Il “De pace fidei” potrebbe essere diviso in tre livelli di discorso:
1) il primo livello è celeste e riguarda le condizioni di possibilità secondo le quali è stato possibile arrivare alle guerre di religione e sarà possibile poi intraprendere un dialogo tra le diverse religioni:
_ il problema principale (esposto dall'arcangelo in forma di preghiera) è che la mancanza di unità non è un difetto della legge di Dio, bensì della natura dell'uomo. Vi è un solo Dio anche se vi sono religioni, culti e modi di nominarlo diversi tra loro, ma a causa della natura umana, l'abitudine si trasforma in seconda natura e si fa verità, portando ogni società religiosa a preferire la propria fede a quella altrui. L'unità è così inevitabilmente spezzata
_ ciò avviene (spiega l'Altissimo) perché la prerogativa dell'uomo è quella di essere stato creato libero, quindi capace di scegliere se vivere o meno in società con Dio. Pena di tale libertà è il rischio di essere tentati di vivere secondo l'ordine sensibile e non spirituale, e questo spiega la scelta divina di aver inviato profeti che richiamassero l'uomo dall'errore e di aver inviato il suo Verbo, dal quale il mondo stesso era stato creato e in virtù del quale l'uomo può ricevere la vita eterna. Dio ha quindi fatto di tutto per salvare l'uomo
_ il rapporto tra libertà e verità è quindi centrale (spiega il Verbo): la verità è una sola e gli spiriti sono liberi quindi capaci di scorgerla. Se tutti la vedranno, la molteplicità delle religioni si ridurrà istantaneamente all'unità di una sola e medesima fede.

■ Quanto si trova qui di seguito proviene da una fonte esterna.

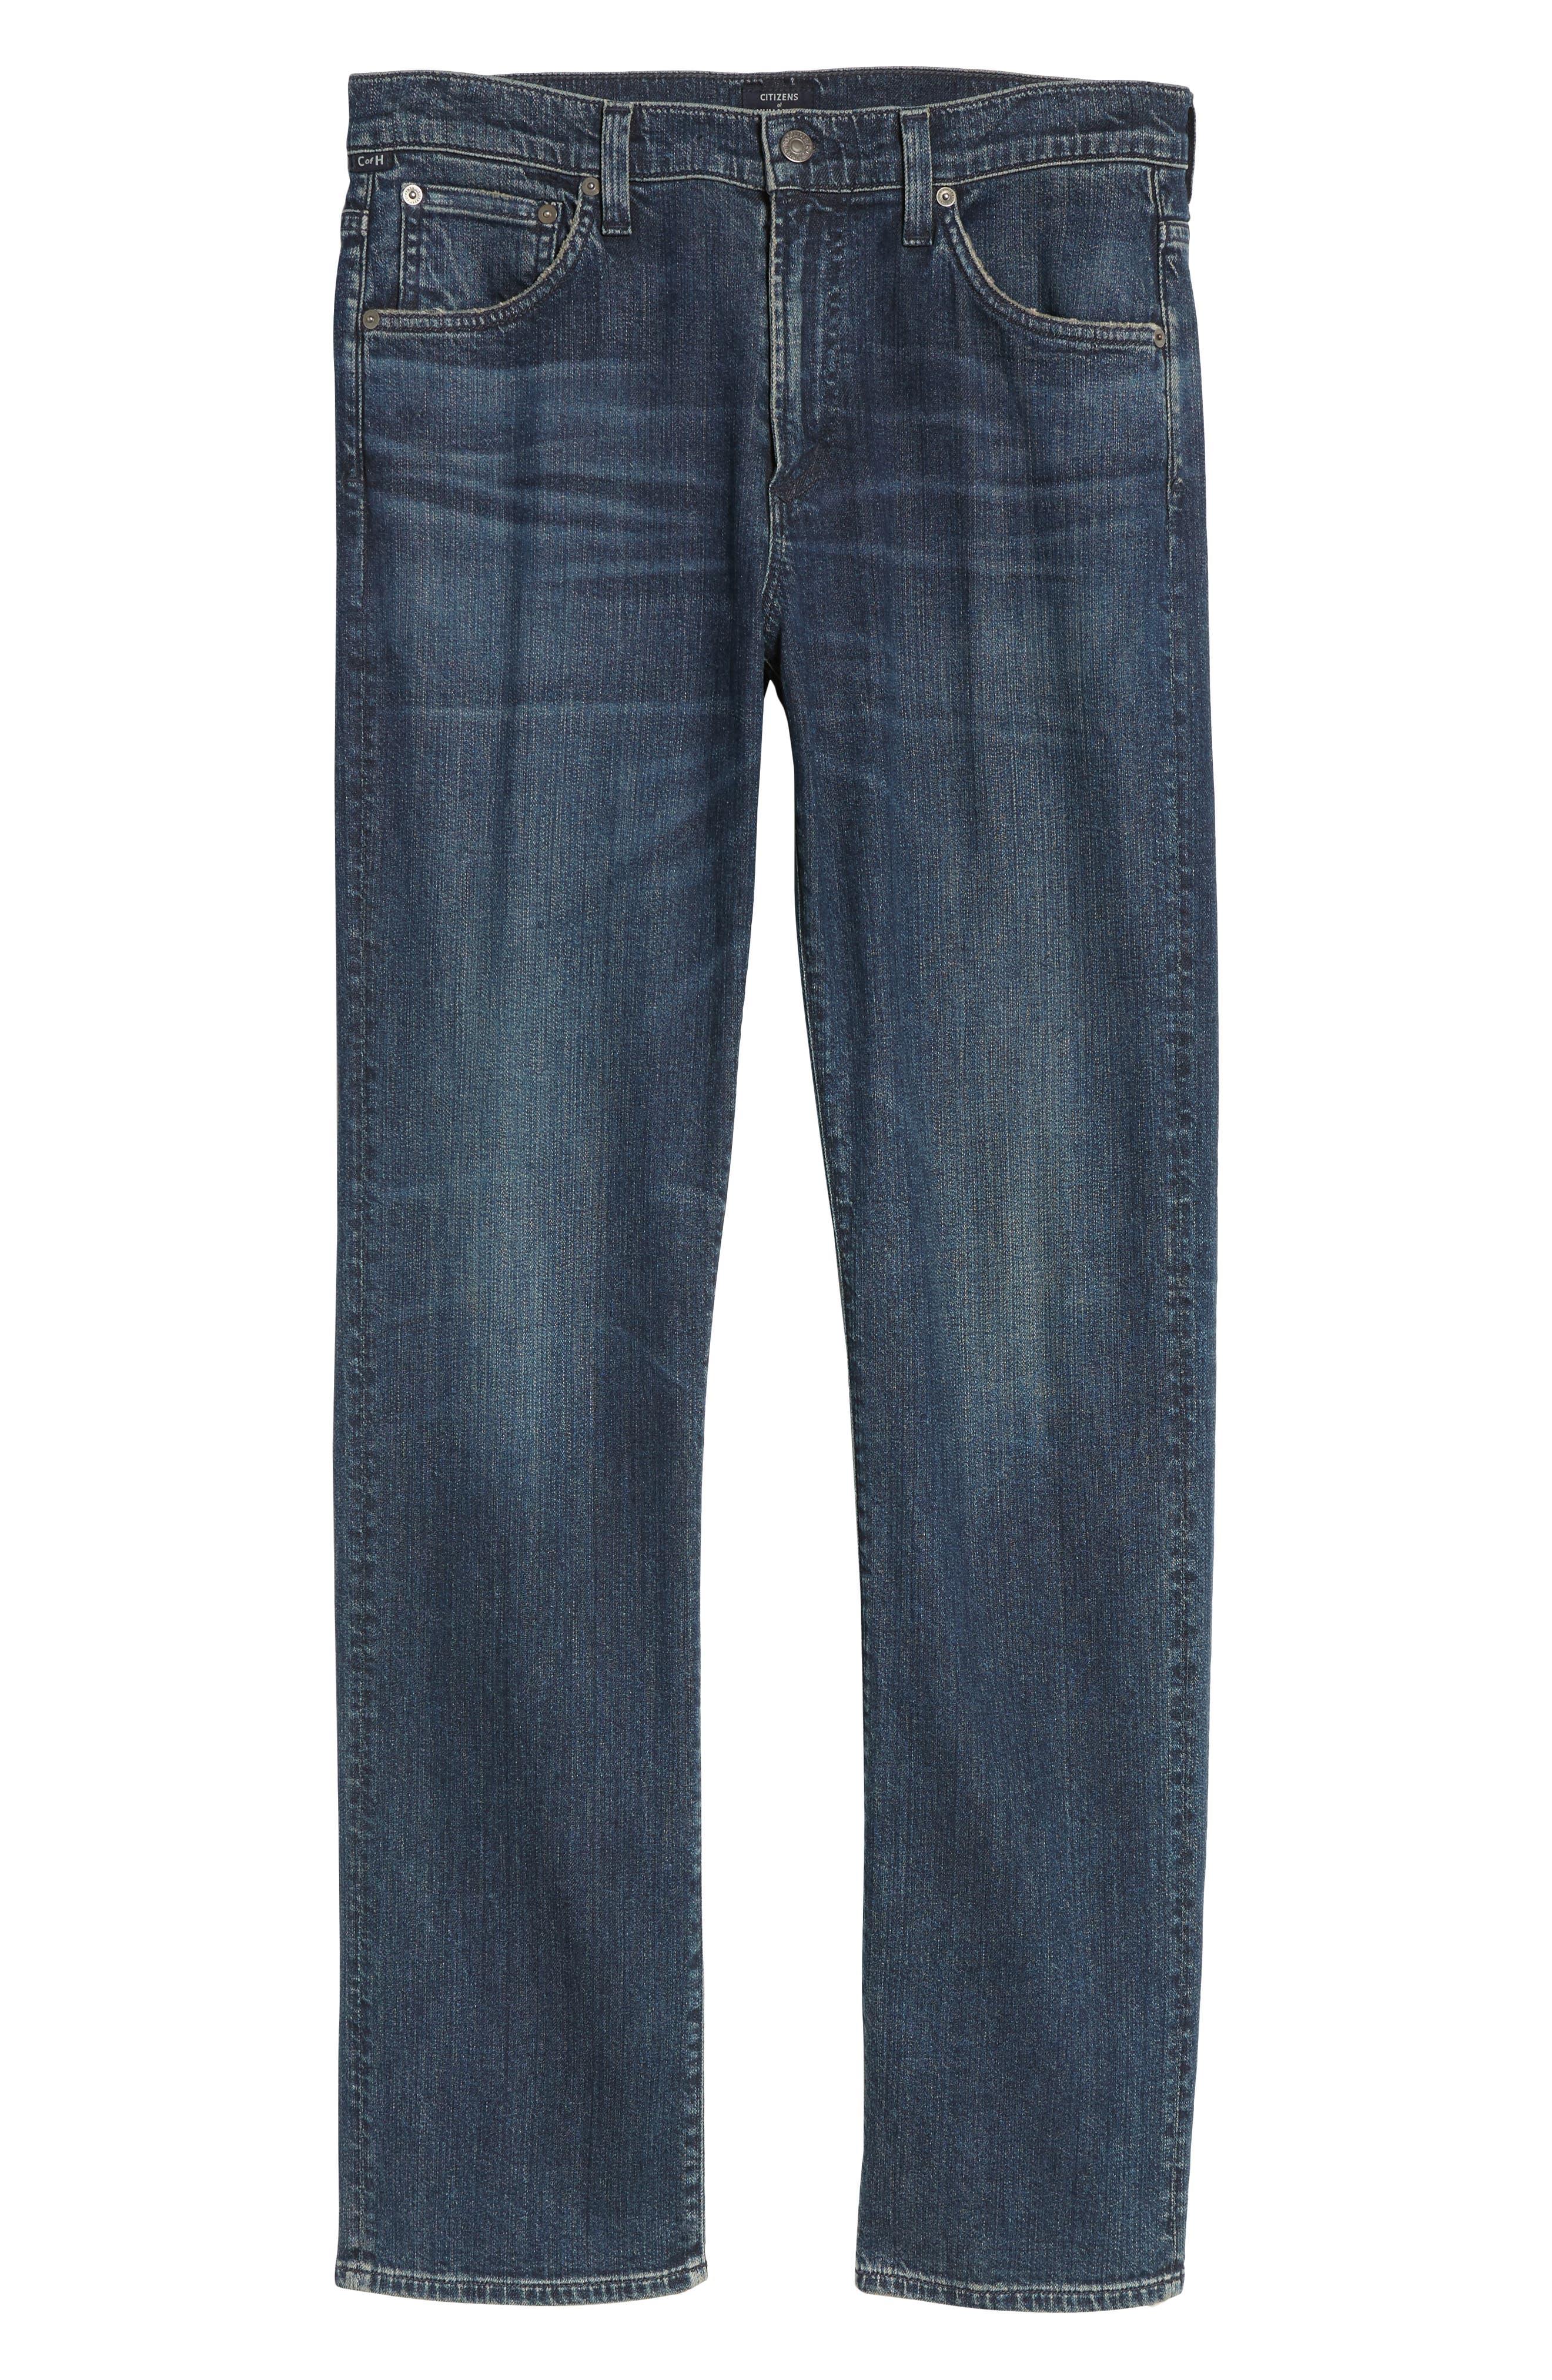 Sid Straight Leg Jeans,                             Alternate thumbnail 6, color,                             407
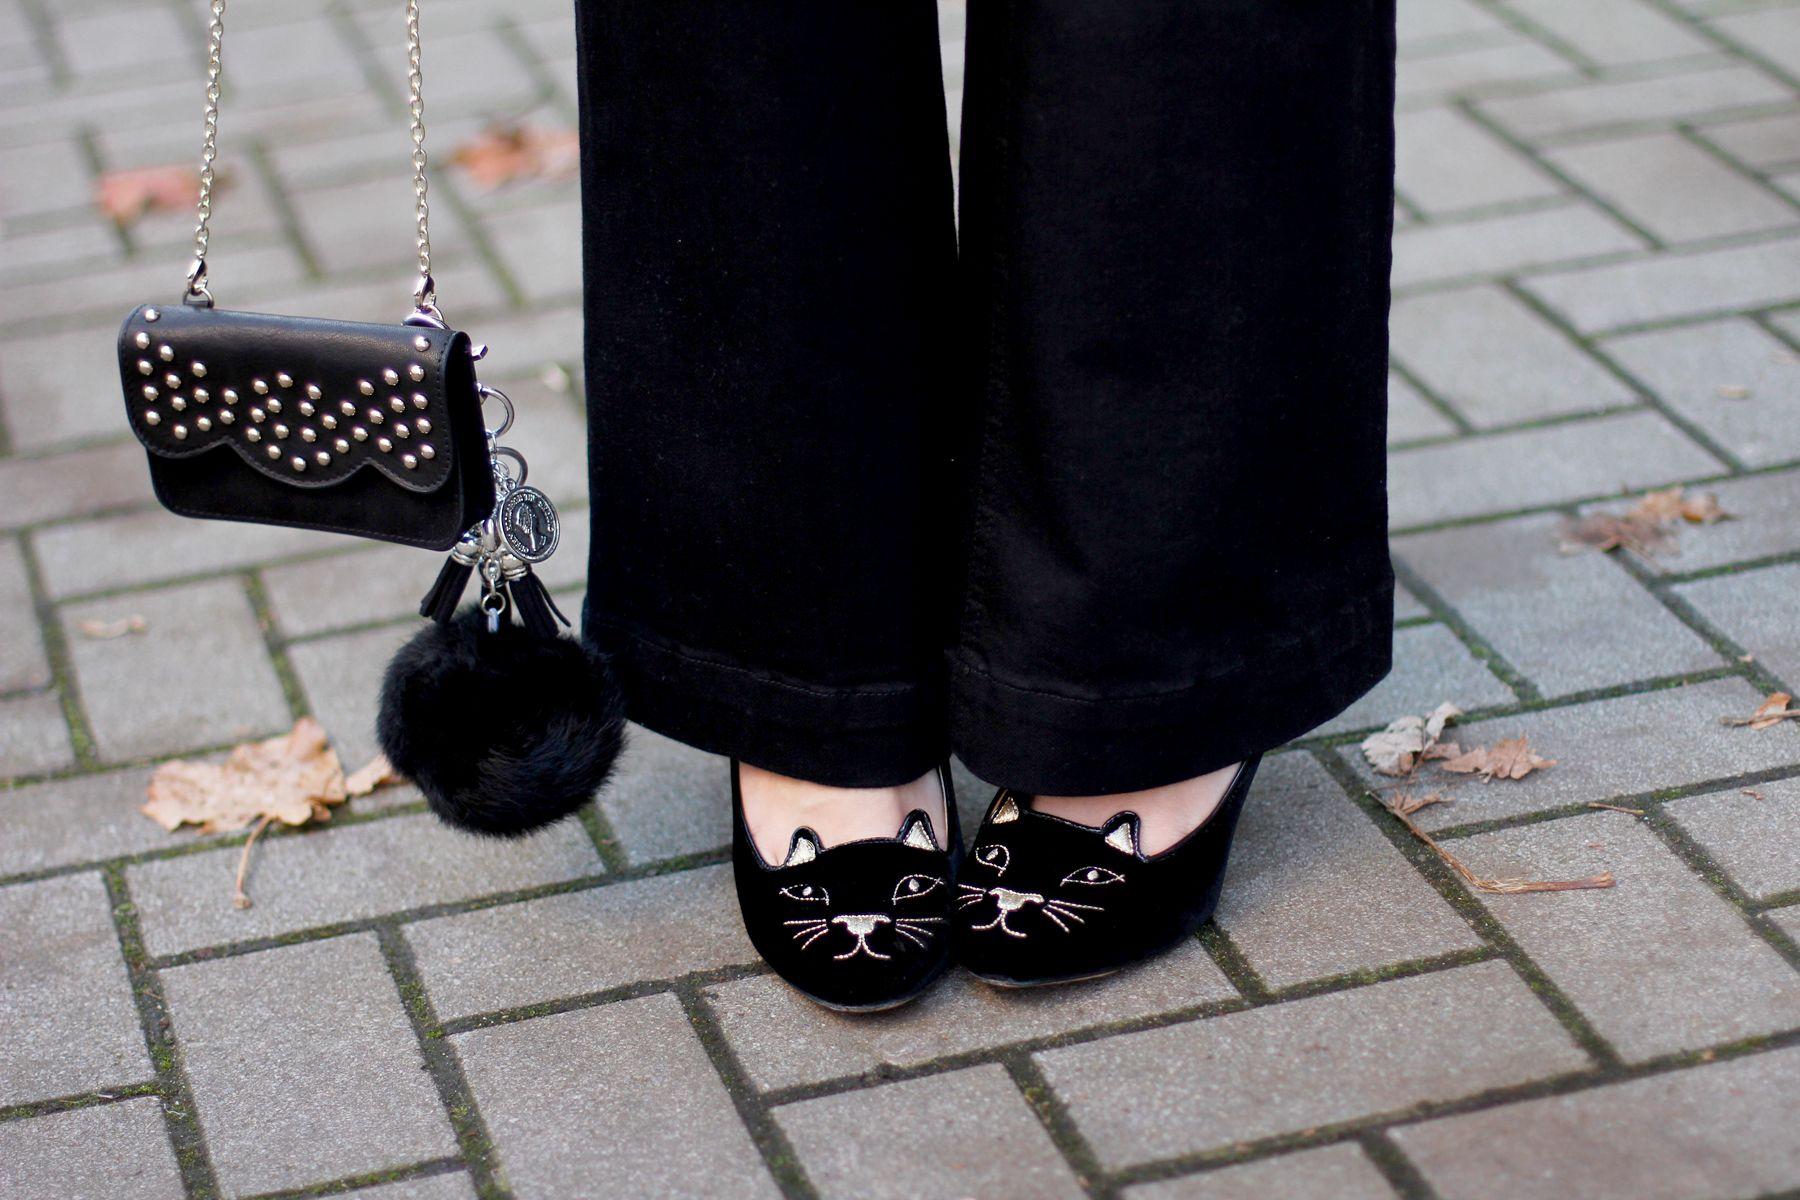 #BettyxLancaster #pompom #cat #bag #black #lancasterparis #lancaster (Pic by Cats & Dogs Blog)

2) Il secondo livello è mediano e si snoda sul rapporto tra uomo e Dio fatto uomo. Il Verbo, rispondendo alle domande e alle obiezioni dei rappresentanti qualificati di ogni popolo, permette di preparare teoreticamente il terreno comune sul quale si svolgerà poi il discorso tra gli uomini.
Esponiamo dunque i vari interventi dal punto di vista delle diverse religioni:
per il «Greco»: filosoficamente si può dubitare della possibilità di raggiungere un accordo nell'assemblea generale delle religioni.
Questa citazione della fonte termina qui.